"TAX TIPS: Tax relief may be on the way for property owners"
A recent decision by the Ohio Supreme Court may make it easier for property owners to get some relief when the value of the property has declined since it was acquired.
Property owners are generally prevented from arguing for a lower valuation than that established by a recent purchase price for the property.
In its recent decision, the court considered whether an appraiser’s report could rebut the presumptive validity of a tax valuation based upon a recent sale price.
In this case, the property owner, which had purchased a Comfort Inn hotel in 2007, filed a complaint for tax year 2009 seeking a reduction of the value assigned to the property from $3.49 million down to a little more than $2 million.
At the Board of Revision hearing, the hotel owner’s expert appraiser explained that the 2007 sale price of $3.49 million was not representative of the property’s value.
Specifically, the appraiser relied upon evidence indicating that the Comfort Inn hotel and other comparable hotels were experiencing a precipitous decline in revenue streams from 2007 through 2009 based upon significantly reduced occupancy levels attributable to the economic crash in the fall of 2008.
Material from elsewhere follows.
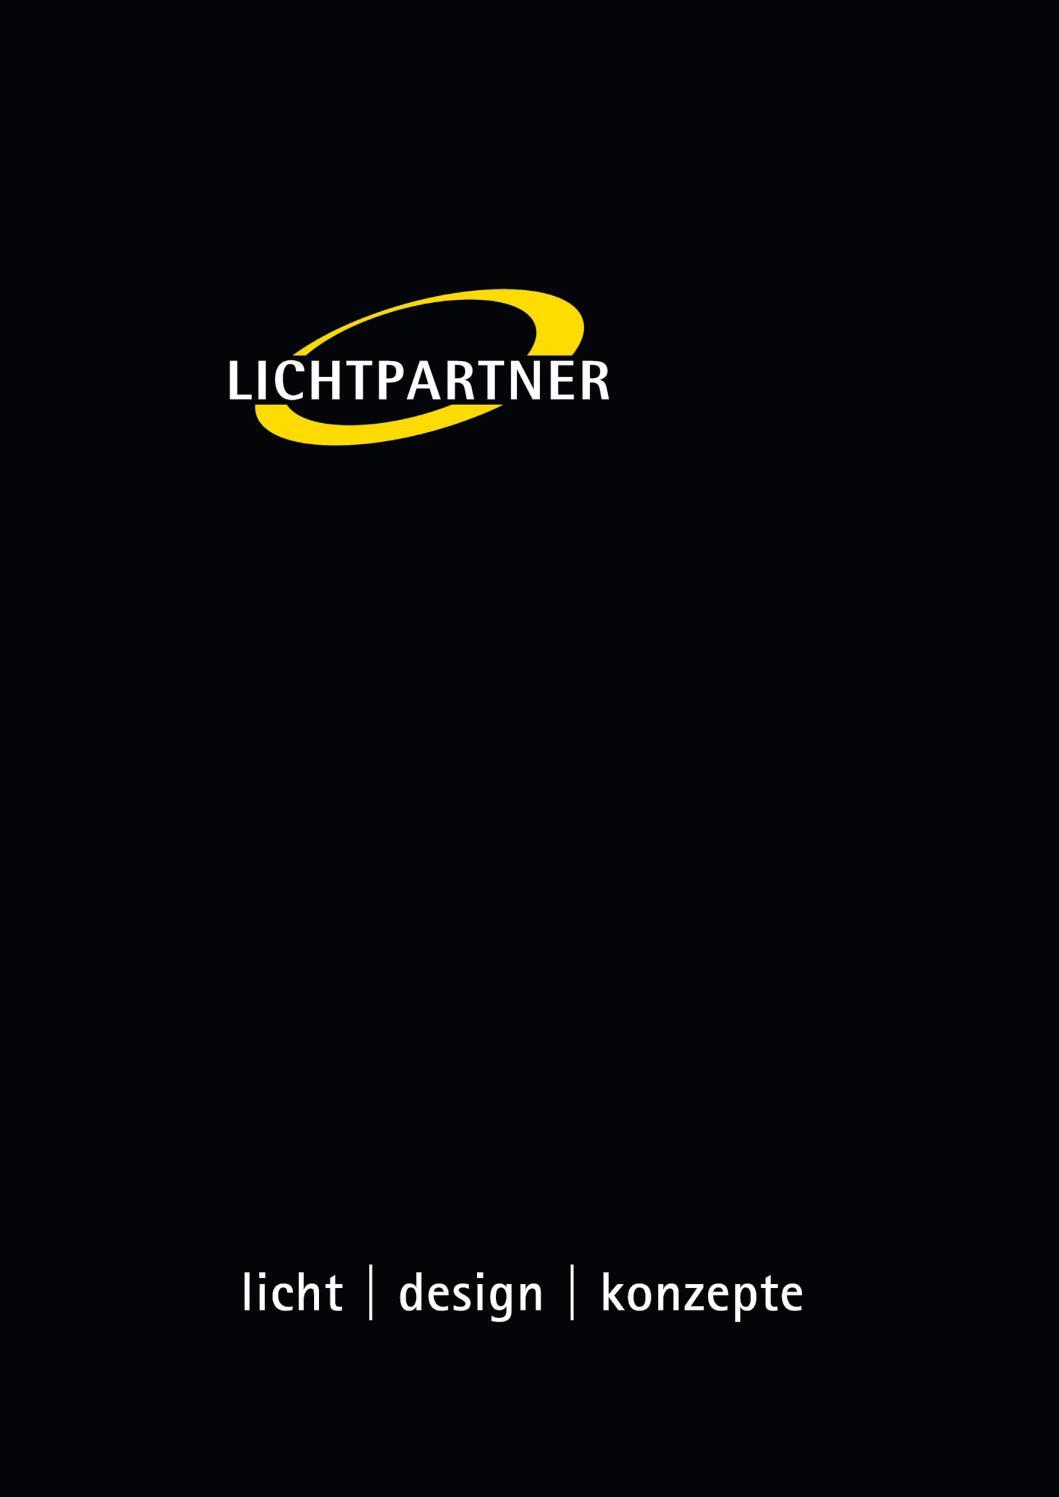 K3 LED-Einbauleuchte kardanisch schwenkbar 3 x 4,6W OSRAM warmweiß 230V DIMMBAR

The Board of Revision found the appraiser’s report and testimony to be well supported and reduced the property value from $3.49 million down to $2.6 million.
The Board of Education appealed this decision to the Board of Tax Appeals.
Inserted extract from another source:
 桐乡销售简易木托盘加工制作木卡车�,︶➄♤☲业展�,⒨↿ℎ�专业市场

The Board of Tax Appeals acknowledged the presumptive merit subscribed to the 2007 sale price, but held that its “recency” was rebutted by information provided and relied upon by the owner’s appraiser, and further reduced the property value to about $2.53 million.
On appeal to the Ohio Supreme Court, the central issue was whether the assumed validity of a property valuation based upon a recent sale price can be rebutted by an appraisal report and testimony.
The court first observed the general rule that the presumptive validity of the sale price may be rebutted by evidence showing that the sale is not recent, not at arm’s length, or not voluntary.
The court then instructed that it is permissible to rely upon information contained in an appraisal report and testimony to conclude that the presumptive validity of the sale price is not reflective of the property’s actual value.
The court warned, however, that the mere fact that an expert has opined that the property value should be reduced is not sufficient to undermine the validity of the sale price.
Rather, specific information bearing on the question of recency, the arm’s length character of the sale, or the voluntariness of the sale proffered by an expert appraiser, through a report or testimony, may be sufficient to successfully rebut the presumption of sale price validity.
At issue on this appeal was evidence of recency, and, curiously, whether the transaction was at arm’s length.
With respect to recency, the court found compelling that a significant downward market shift for hotels had occurred between January 2007 and the Jan. 1, 2009, tax lien date.
Because the appraiser convincingly articulated that a “softening” of the market had developed between the approximate time of the sale and the tax lien date, the Supreme Court of Ohio held that the 2007 sale could not be deemed recent relative to the Jan. 1, 2009, tax lien date.
With respect to the arm’s length transaction component, the owner’s appraiser opined that the sale was not truly arm’s length because the owner did not act as a fully knowledgeable, typically motivated buyer. The appraiser reached that conclusion based upon his finding that the owner paid too much given the hotel’s ongoing performance issues at the time of the sale.
Possibly because the school board did not oppose that argument, the court held that an arm’s length transaction had not occurred and therefore the 2007 sale price was not representative of the tax valuation.
The primary takeaway of this decision is that evidence proffered through an expert appraiser can overcome the presumption of sale price validity even when the sale at issue occurred only two years prior to the tax lien date.
Consequently, litigants challenging the valuation of property based upon a sales price that is unrepresentative of the actual value of the property would be wise to explore the reasons for that variance and articulate, through expert testimony, how such reasons diminish the property valuation.